INSTRUCTIONS TO FOLLOW :: Once the pictures are set aside, transcribe the remaining data exactly.

DATA BELOW ::
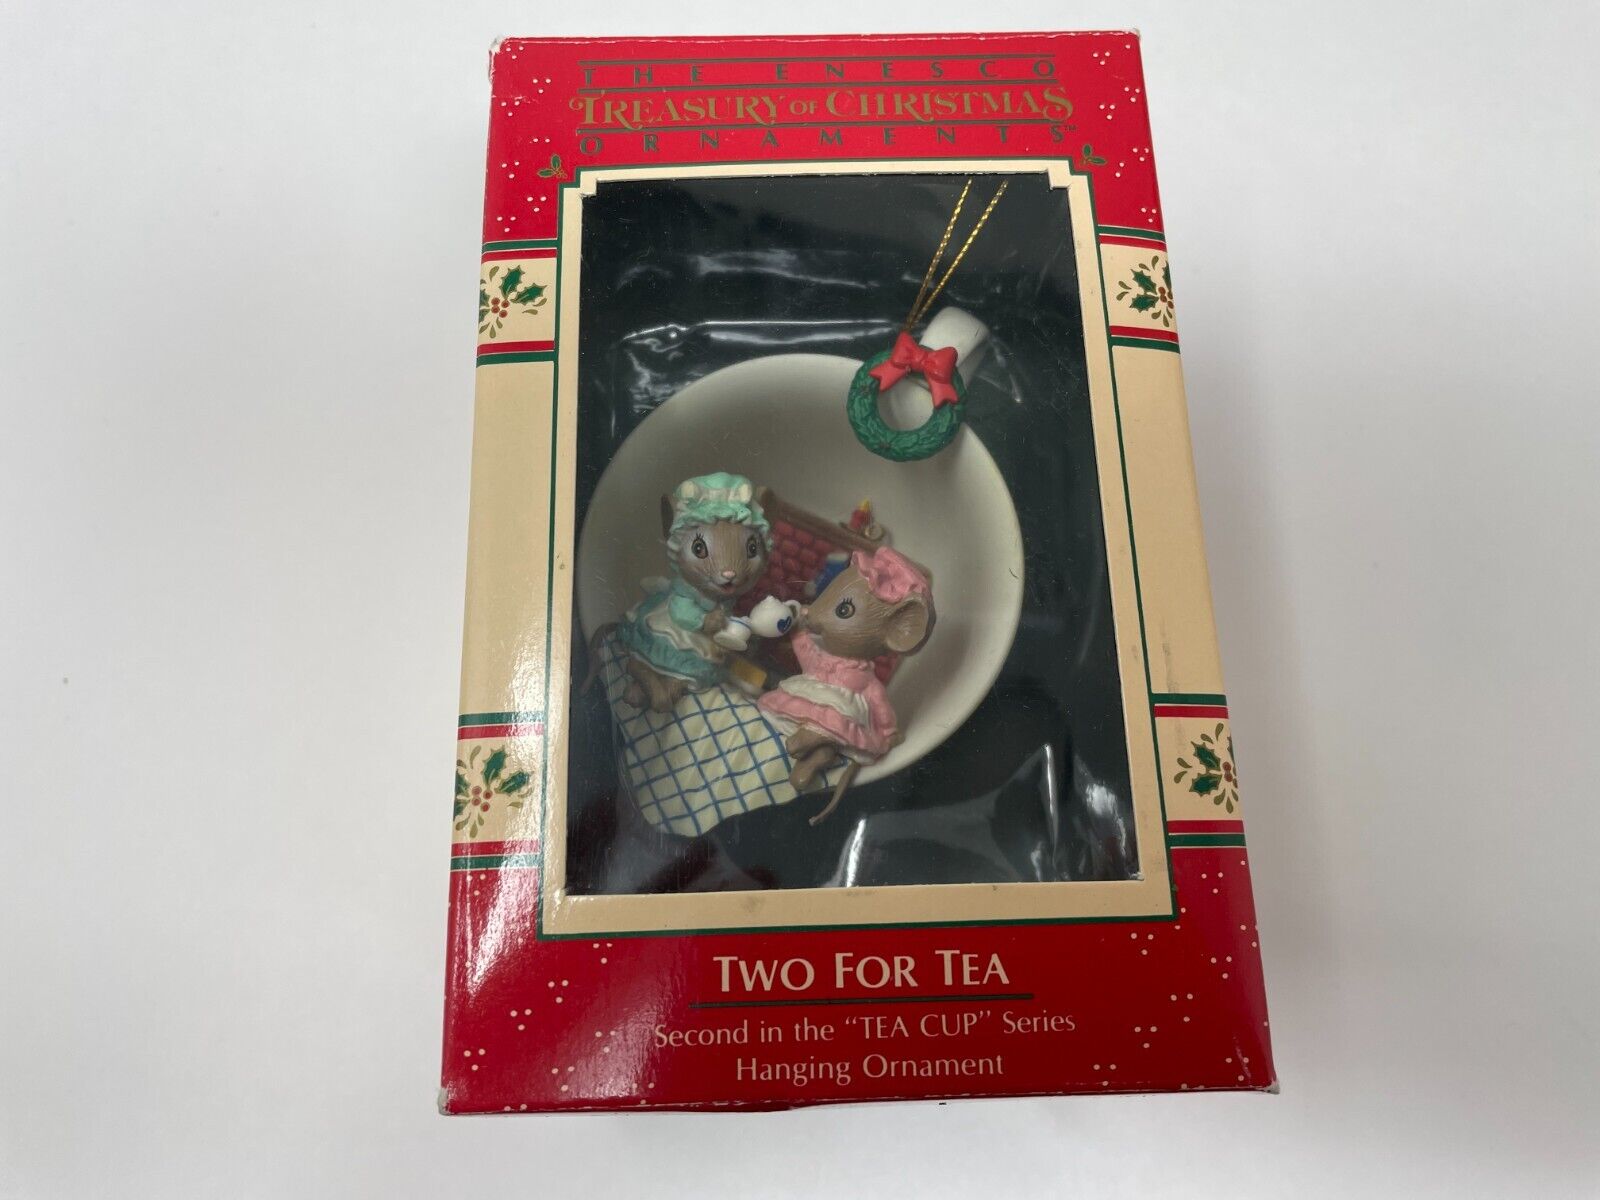 Enesco Vintage 1988 Two For Tea Treasury of Christmas Collectible Ornament
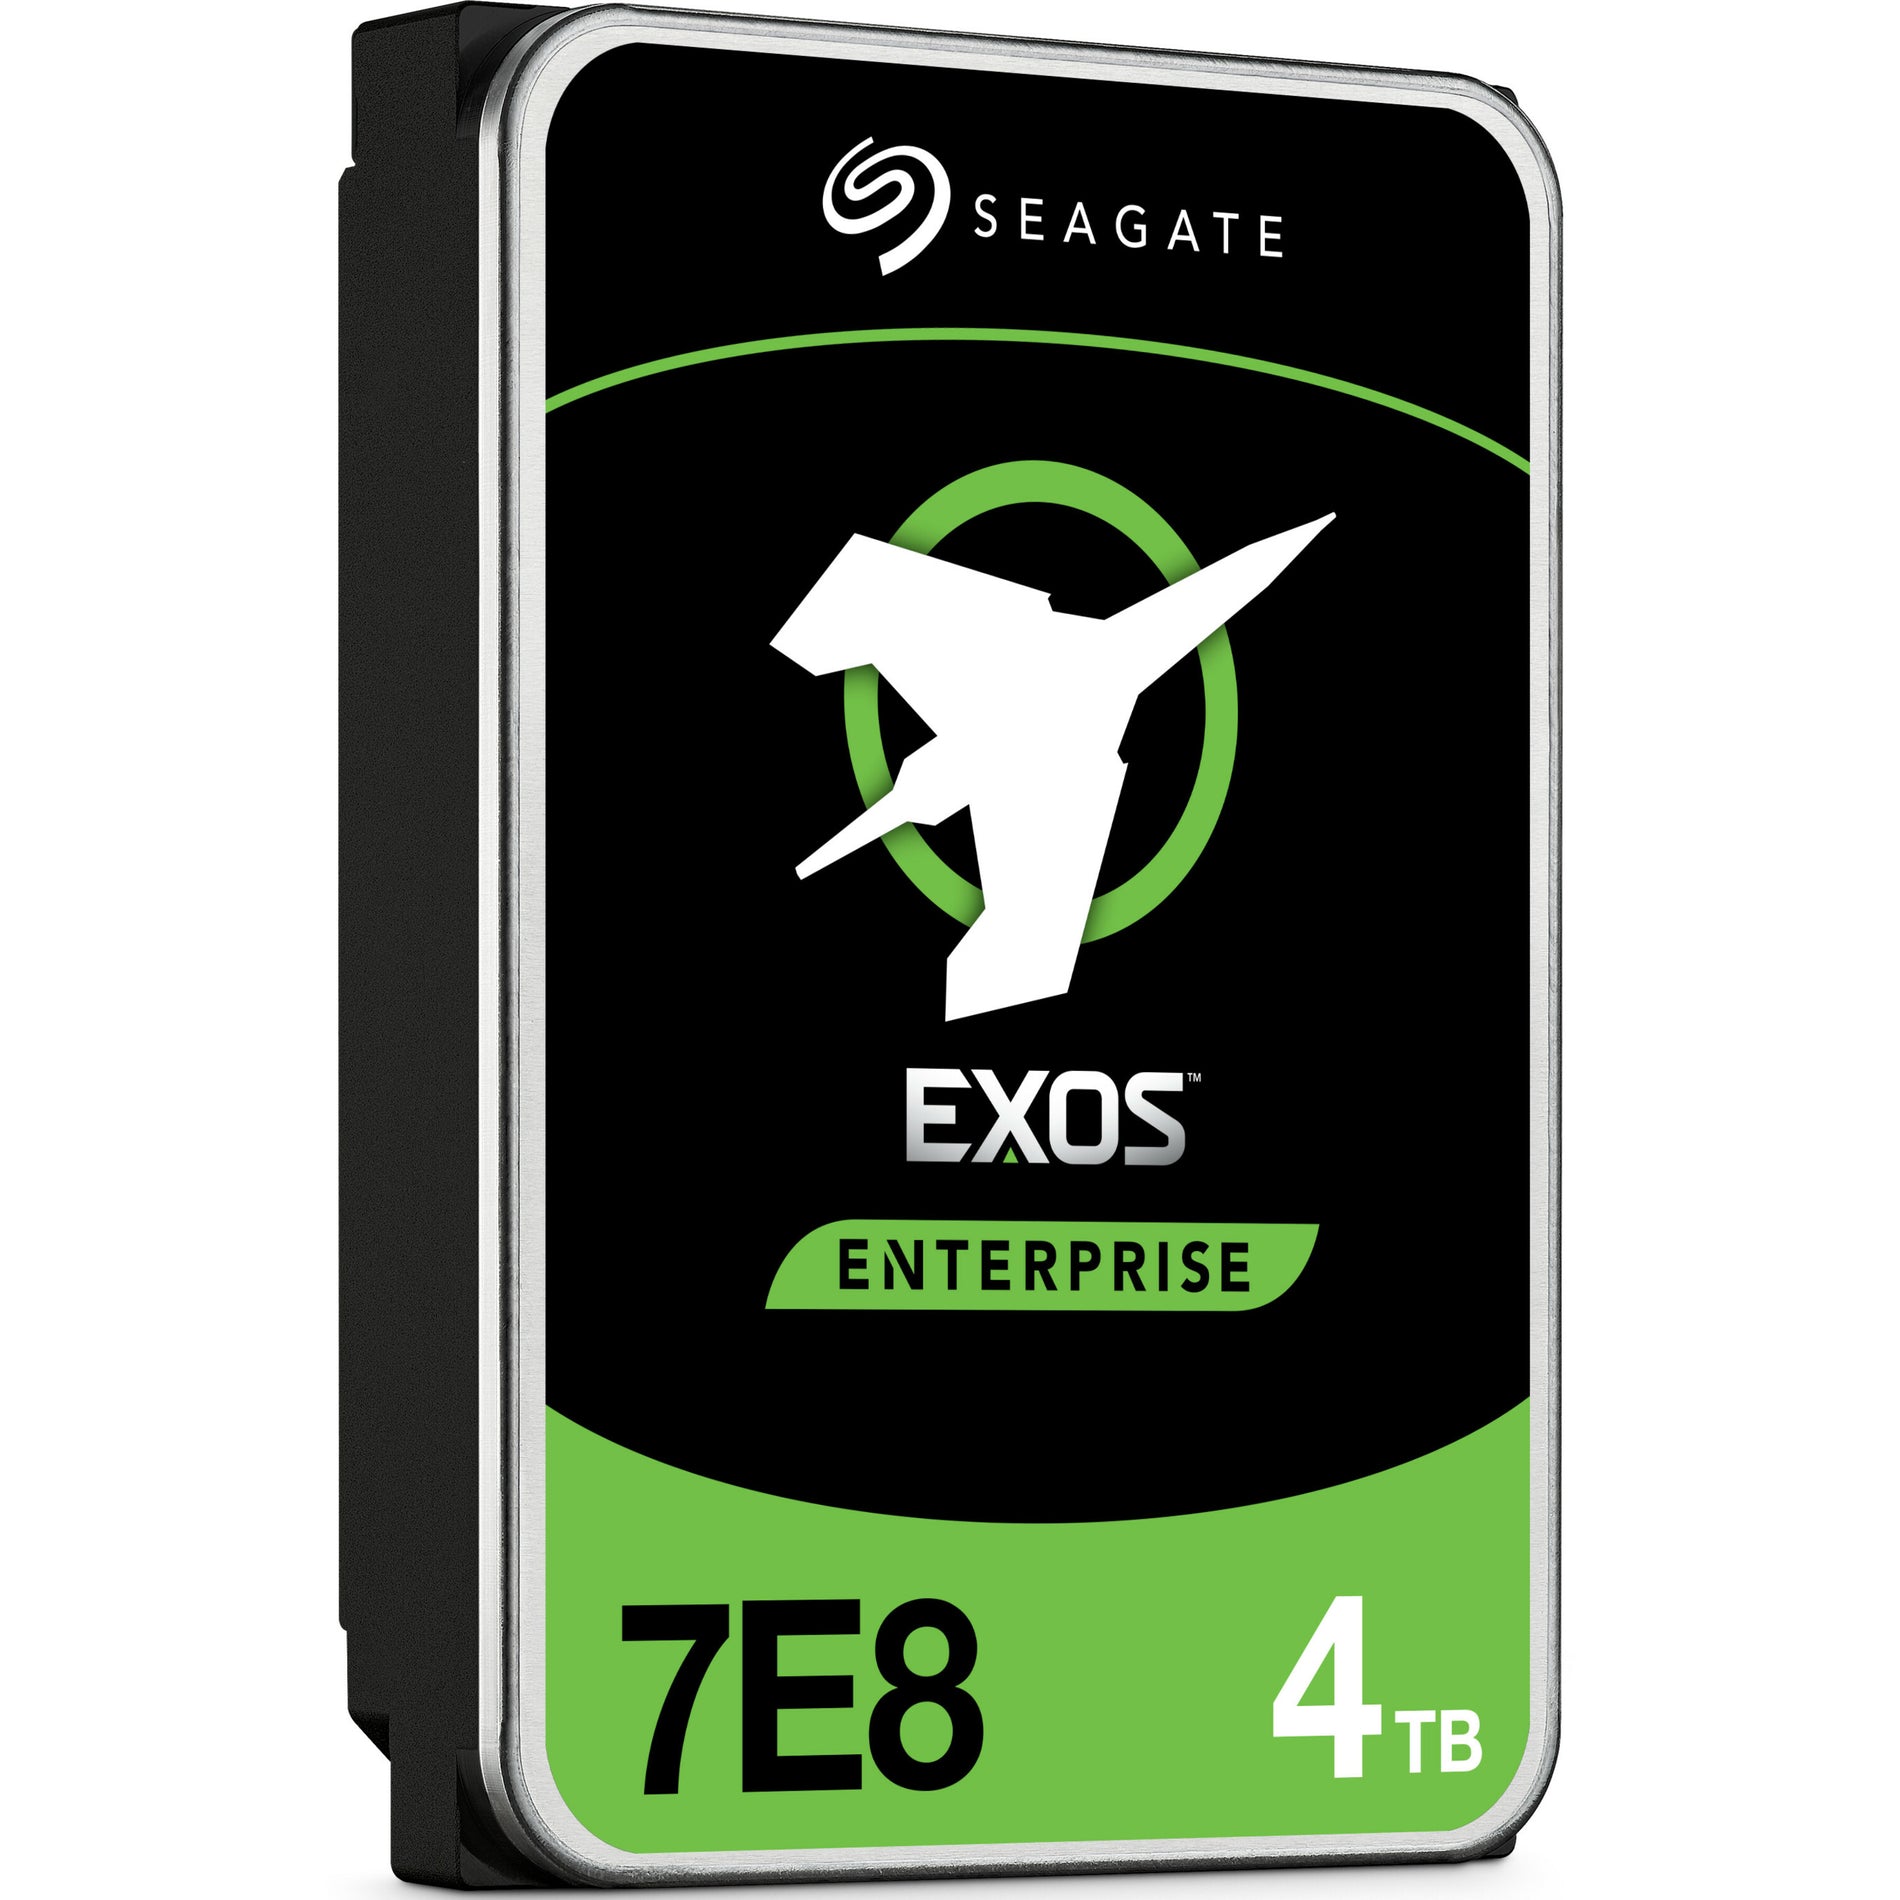 Seagate ST8000NM004A Exos 7E8 Hard Drive, 8TB Storage Capacity, 7200 RPM, 256MB Buffer
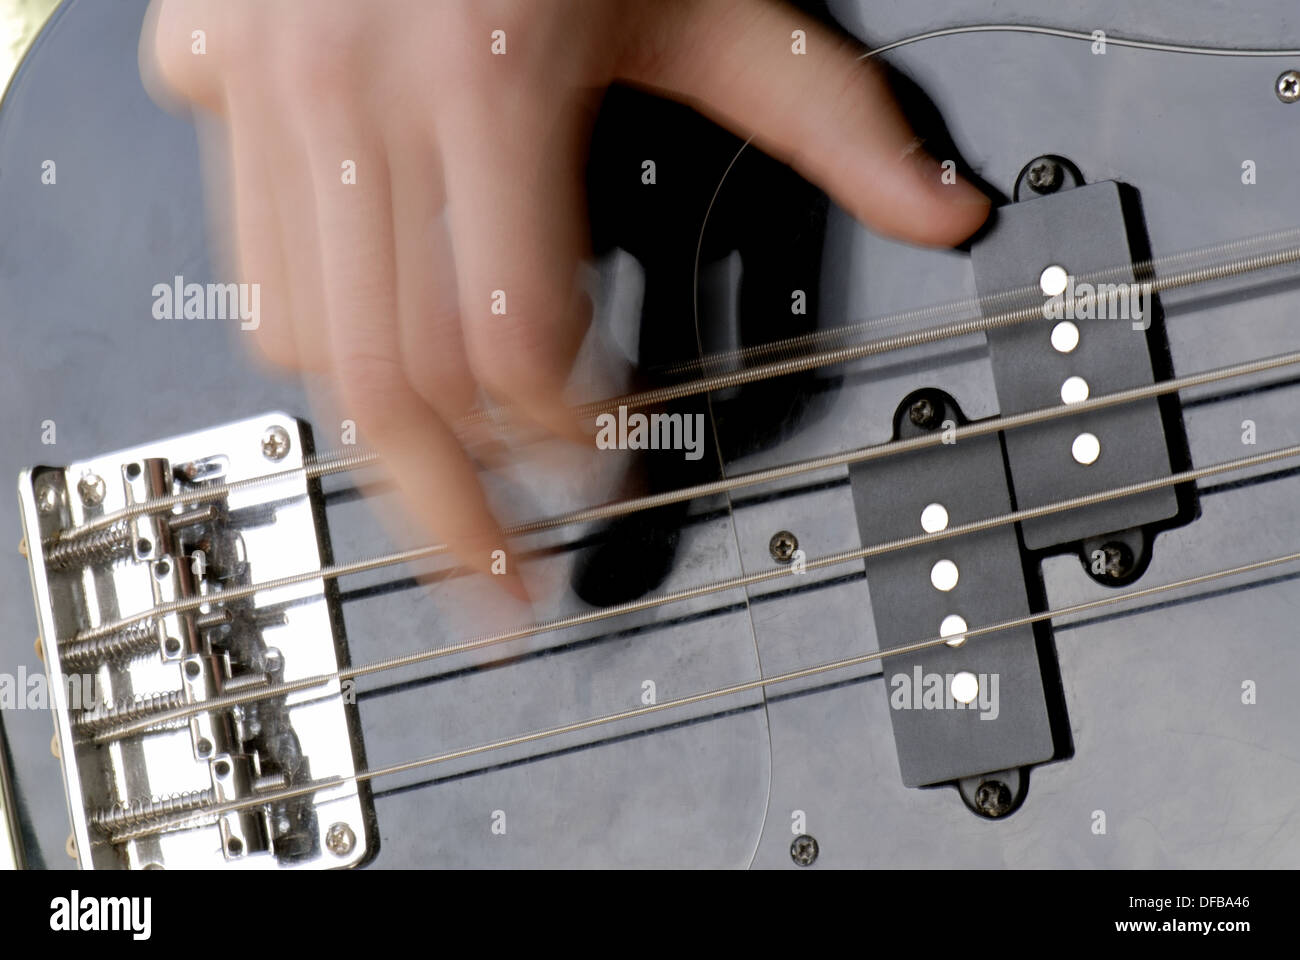 Hand playing bass guitar Stock Photo

SOLUTION TO THIS PROBLEM ::
 Enesco Vintage 1988 Two For Tea Treasury of Christmas Collectible Ornament
 Seagate ST8000NM004A Exos 7E8 Hard Drive, 8TB Storage Capacity, 7200 RPM, 256MB Buffer
 Hand playing bass guitar Stock Photo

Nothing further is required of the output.